1.3 Haushalt der EU

Zur Durchführung dieser Politiken benötigt die EU Mittel, die sie über einen komplizierten und konfliktreichen Haushaltsprozess zugewiesen bekommt (Kapitel 4.3). In allen drei Themen zeigt sich das Spannungsverhältnis zwischen dem Reformbedarf einerseits und der Wahrung von Besitzständen andererseits. Änderungen sind nur mit großen Mehrheiten bzw. einstimmig möglich. Ein Konsens kann meist nur in einem „Kuhhandel“ erreicht werden. Der Streit ums Geld ist immer präsent.

… kurz zusammengefasst  ∑

Die EU hat nicht das Recht, ihre Einnahmen selbst zu bestimmen. Vielmehr erhält sie Beiträge der Mitgliedsstaaten zugewiesen. Daraus muss sie ihre Pflichtaufgaben finanzieren – eine Verschuldung ist – bisher noch – verboten.

Die Mitgliedsstaaten haben sich zur gegenseitigen Solidarität verpflichtet und u.a. den Ausgleich regionaler Unterschiede zu ihrer Aufgabe gemacht.

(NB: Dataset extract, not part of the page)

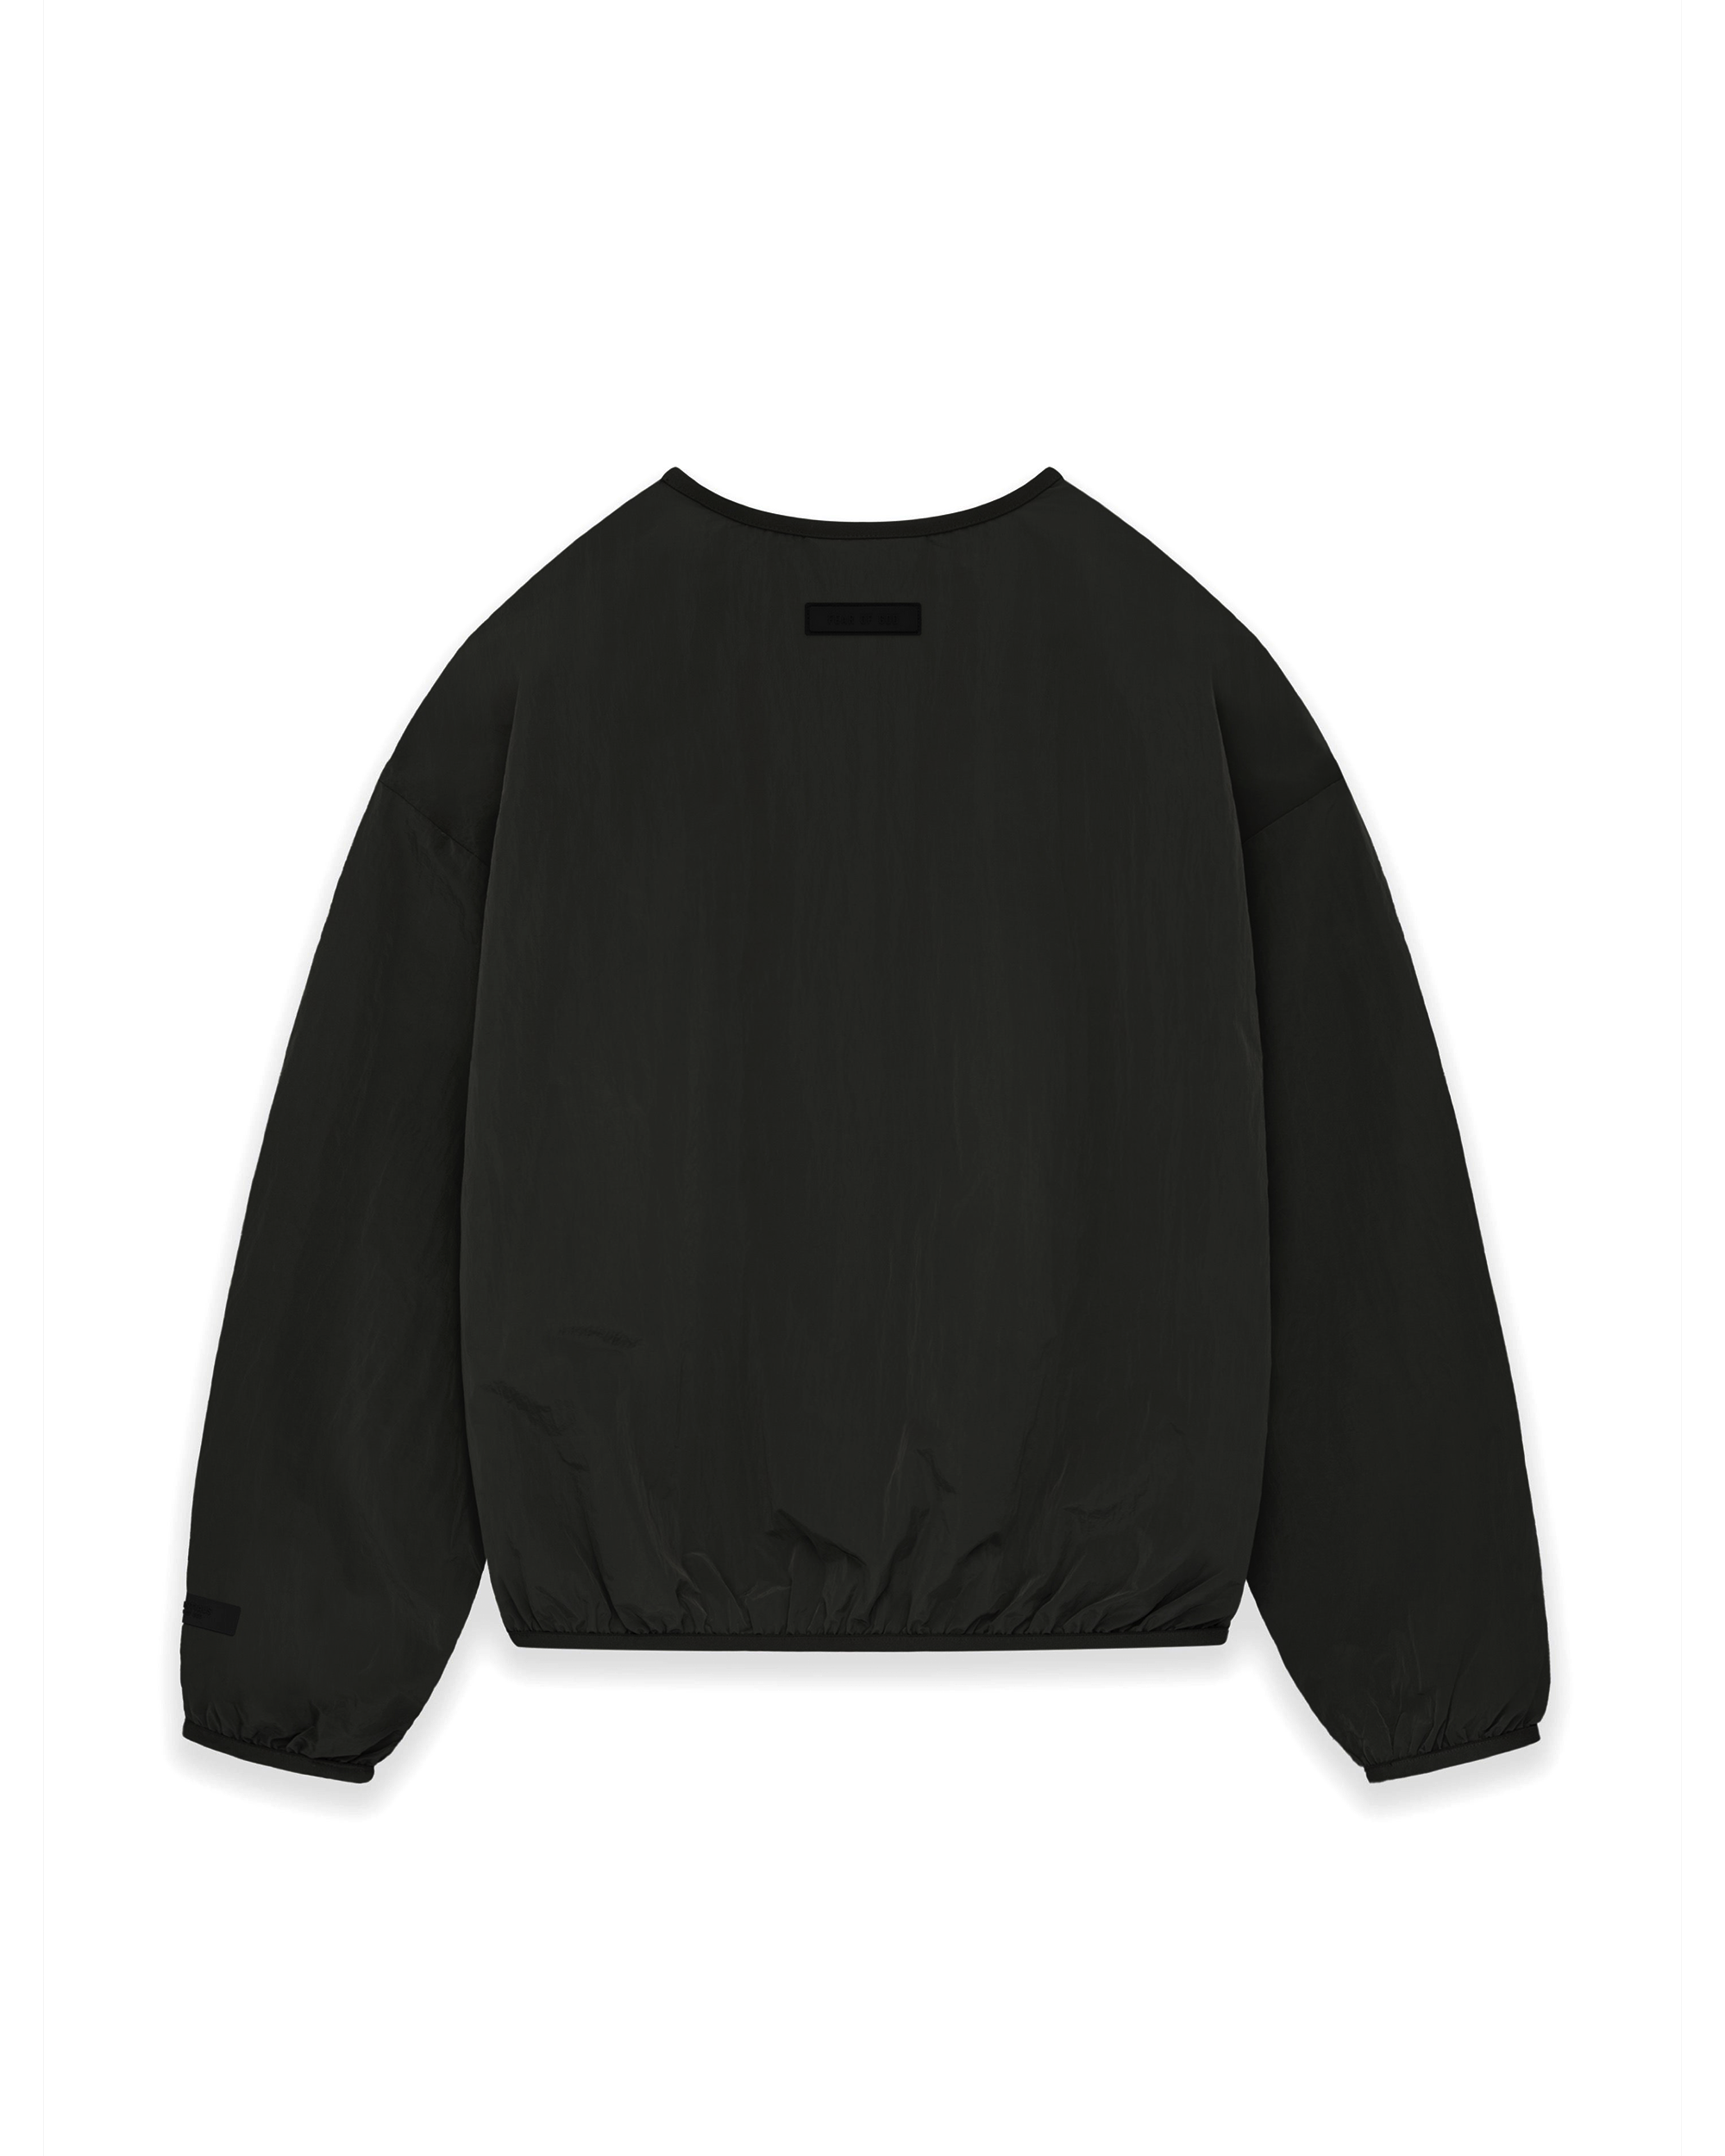 Crinkle Nylon Sweater - Jet Black

Wenn es um die Finanzen geht, dominiert jedoch die „Netto-Zahler-Position“ die Debatte: Wie viel muss ein Land einzahlen und wie viel bekommt es wieder zurück?

Insgesamt ist das Budget der EU mit ca. 1% des gesamten Bruttoinlandsprodukts (BIP) winzig klein, wenn auch die Umverteilung zwischen den Mitgliedsstaaten z.T. 4% des BIP des Empfängerlandes pro Jahr erreichen konnte. Mit der Aufnahme von acht neuen „armen“ Mitgliedern (2004/2007) wurde eine Umschichtung bisheriger Zahlungen erzwungen.

Wegen der politischen und militärischen Veränderungen (Krieg im Nahen Osten, Flüchtlinge, Migration, Verschiebung der Lasten für die NATO auf europäische Staaten durch US-Präsident Trump) muss die EU künftig mehr Mittel für gemeinsame Aufgaben einsetzen. Wie diese aufgebracht werden sollen ist politisch hart umkämpft:

  • die „reichen“ Länder zahlen mehr
  • die „armen“ Länder erhalten weniger Subventionen als bisher
  • die Landwirte können nicht mehr einen so großen Teil des europäischen Budgets beanspruchen
  • die EU erhält das Recht sich am Kapitalmarkt Kredite zu besorgen und so von der Zahlungsbereitschaft der Mitgliedsstaaten unabhängig zu machen.

Jeder Vorschlag wird von den einzelnen Mitgliedsstaaten danach beurteilt, ob sich dabei ihre eigene finanzielle Position verbessern dürfte.

Neues Material

  • Vorschlag zu einer grundlegenden Neuordnung der EU-Finanzen, ausgearbeitet von einer hochrangig besetzten Expertengruppe unter Leitung von Mario Monti (2016/17). Dort werden verschiedene Quellen für eigene Einnahmen der EU zur Diskussion gestellt (div. Reports auf der Web-site). Zum Thema auch: Núñez Ferrer, J. 2016. The Multiannual Financial Framework post-2020: Balancing political ambition and realism. CEPS Policy Paper, (2) (link).
  • Der Betrug bei der Verwendung von Geldern aus dem EU-Haushalt muss durch die nationalen Regierungen unterbunden werden – sie tragen die Verantwortung für die korrekte Verwendung der EU-Mittel, die für Projekte in ihrem Land zur Verfügung gestellt wurden. Zusätzlich bekämpft eine nachgeordneten Dienststelle der Kommission, OLAF, den Betrug. Das Britische Parlament hat in seinem Bericht 2013 erhebliche Kritik an der Überwachung durch OLAF geäußert (European Union Committee – Twelfth Report, The Fight Against Fraud on the EU’s Finances).
  • Welche Finanzströme fließen zwischen den Mitgliedsstaaten durch den EU-Haushalt? Damit beschäftigt ich ein gut lesbarer Bericht, der auch auf die politisch aufgeladene Thematik der „Netto-Zahler“ eingeht: Busch, B. 2016. Finanzielle Beziehungen zwischen den Mitgliedstaaten der Europäischen Union – Eine Bestandsaufnahme. IW Report, (21) (link)
  • Wissenschafter warnten die deutsche Regierung vor einer Ausweitung der finanziellen Kompetenzen der EU, wenn diese nicht vom Wähler legitimiert würde. Außerdem verweisen sie auf die möglichen Fehlanreize: Finanzen, Wissenschaftlicher Beirat beim Bundesministerium der. 2016. Reform der EU-Finanzierung: Subsidiarität und Transparenz stärken (link).